Statistical analysis
Intention-to-treat (ITT) and per-protocol analyses were performed. Results of the ITT analysis are presented unless otherwise stated. Pre–post changes within groups were estimated via the standardised response mean, with mean differences between T1 and T0 divided by the standard deviation of the difference scores. ANCOVA with T1 values as outcomes and treatment group (intervention group/control group) as predictor was used to estimate treatment effects. Adjusted mean differences (AMDs) with 95% confidence intervals and Cohen's d were calculated to quantify the between-group effects. We computed two models for each outcome. The unadjusted model only included corresponding T0 values as covariates. The adjusted model also included sex, GOLD stage, smoking status (active versus ex-/never-smoker) and baseline PImax as covariates. The residuals of all models were checked for distortions of model assumptions (e.g. normality and linearity) and robust regression analyses were computed if model assumptions did not hold. Neither adjusted/unadjusted nor linear/robust regression analyses differed in results; therefore, only results of the adjusted analyses with linear models are presented, as stated in the study protocol.
Moderator effects of sex, Hosp_AECOPD, GOLD stage, smoking status and baseline PImax were examined by (separately) including the moderator and interaction term (group membership (intervention group/control group) and moderator) in the respective model. Significant interactions with categorical moderators were further analysed by simple effect analyses.
Missing data arose for two reasons: 1) discontinuation of pulmonary rehabilitation (i.e. no data available at T1) and 2) missing data in some items (0–3%).

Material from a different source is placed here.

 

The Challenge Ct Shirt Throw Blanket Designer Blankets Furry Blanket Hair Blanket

All missing data were imputed with a multiple imputation procedure creating 10 imputed data sets. Pooled results are reported. TDI could not be imputed due to the scaling of the items and thus listwise deletion was applied (for missing data procedure details, see supplementary material). All analyses were performed using SPSS Statistics version 23 (IBM, Armonk, NY, USA) and R (R Foundation for Statistical Computing, Vienna, Austria). p<0.05 was considered significant.
Results
In total, 983 subjects with pre-diagnosed COPD were screened for eligibility (figure 1). Of these, 611 patients with confirmed COPD II–IV were randomised to the intervention group or the control group. Data of nine patients could not be analysed because no data regarding the primary outcome PImax at T0 or T1 were available, leaving data for 602 patients for the ITT analysis. During inpatient rehabilitation, 50 patients discontinued participation in the study for various reasons, leaving data for 561 patients for the per-protocol analysis. For details on planned and recruited sample size, see the supplementary material.

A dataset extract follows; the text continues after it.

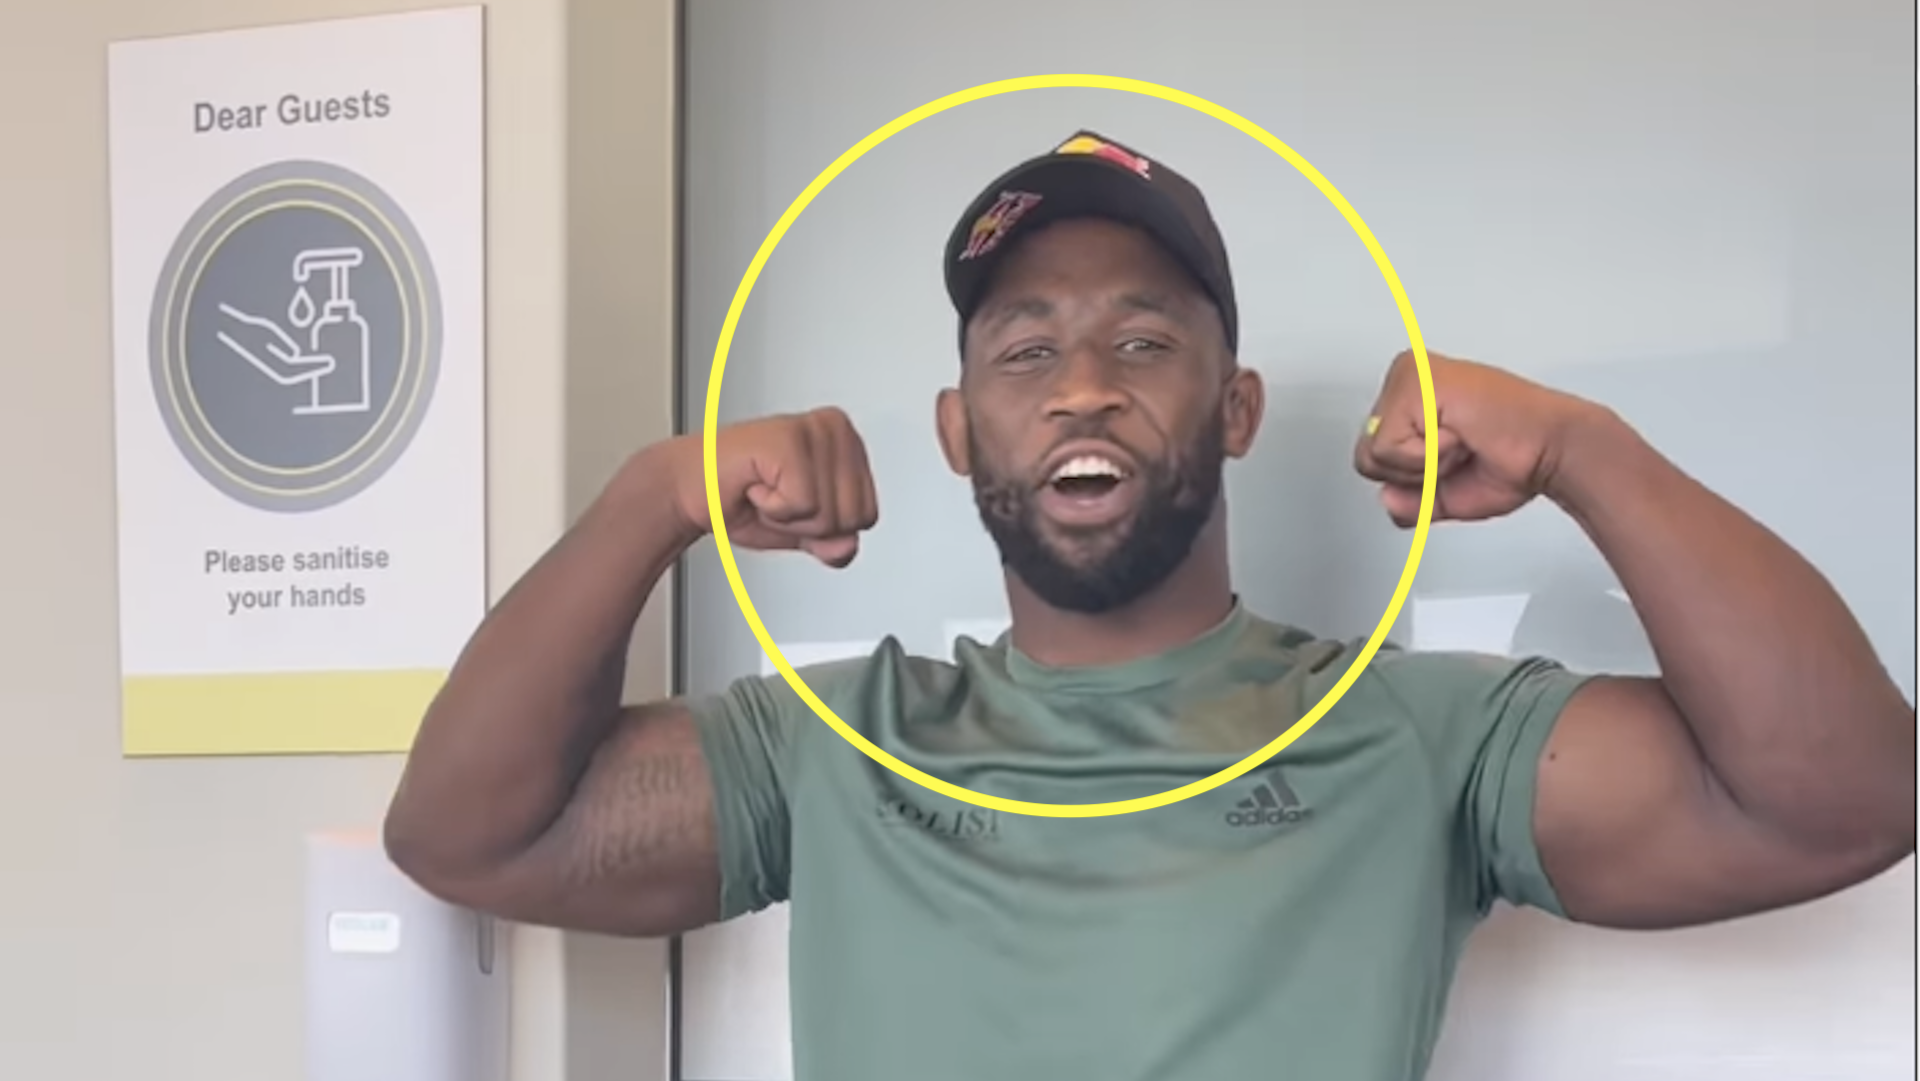 Springboks captain Siya Kolisi hits the gym just days after major knee surgery

Flowchart of participant selection. T0: baseline; T1: after rehabilitation; ITT: intention-to-treat; IMT: inspiratory muscle training; AECOPD: acute exacerbations of chronic obstructive pulmonary disease; NIV: noninvasive ventilation; BOOP: bronchiolitis obliterans organising pneumonia.
Baseline data
At baseline, 64.6% of the patients were male, mean±sd age was 57.8±7.4 years and mean±sd PImax was 6.71±2.29 kPa. The intervention group received a mean±sd of 19.4±4.5 IMT sessions; mean±sd training load was increased from 21±7 cmH2O (30.6% of mean PImax) at T0 to 47±14 cmH2O (68.5% of mean PImax) at T1. Table 2 presents further sample characteristics.
Patient characteristics at baseline
Comorbidities
97.5% of the patients had clinically relevant comorbidities (mean (range) 4 (1–11)). Cardiovascular (63.5%), musculoskeletal (58.1%) and metabolic disorders (54.7%) were the most frequent (table 3).
Clinically relevant comorbidities# of participants
Primary and secondary outcomes
Both groups improved significantly in PImax (table 4). The intervention group improved significantly more than the control group (AMD 0.94, 95% CI 0.72–1.16). The intervention group also improved significantly more in FIV1 (AMD 0.10, 95% CI 0.02–0.19). All other secondary outcomes improved significantly in both arms, mostly with moderate to high effect sizes, but without significant differences between groups.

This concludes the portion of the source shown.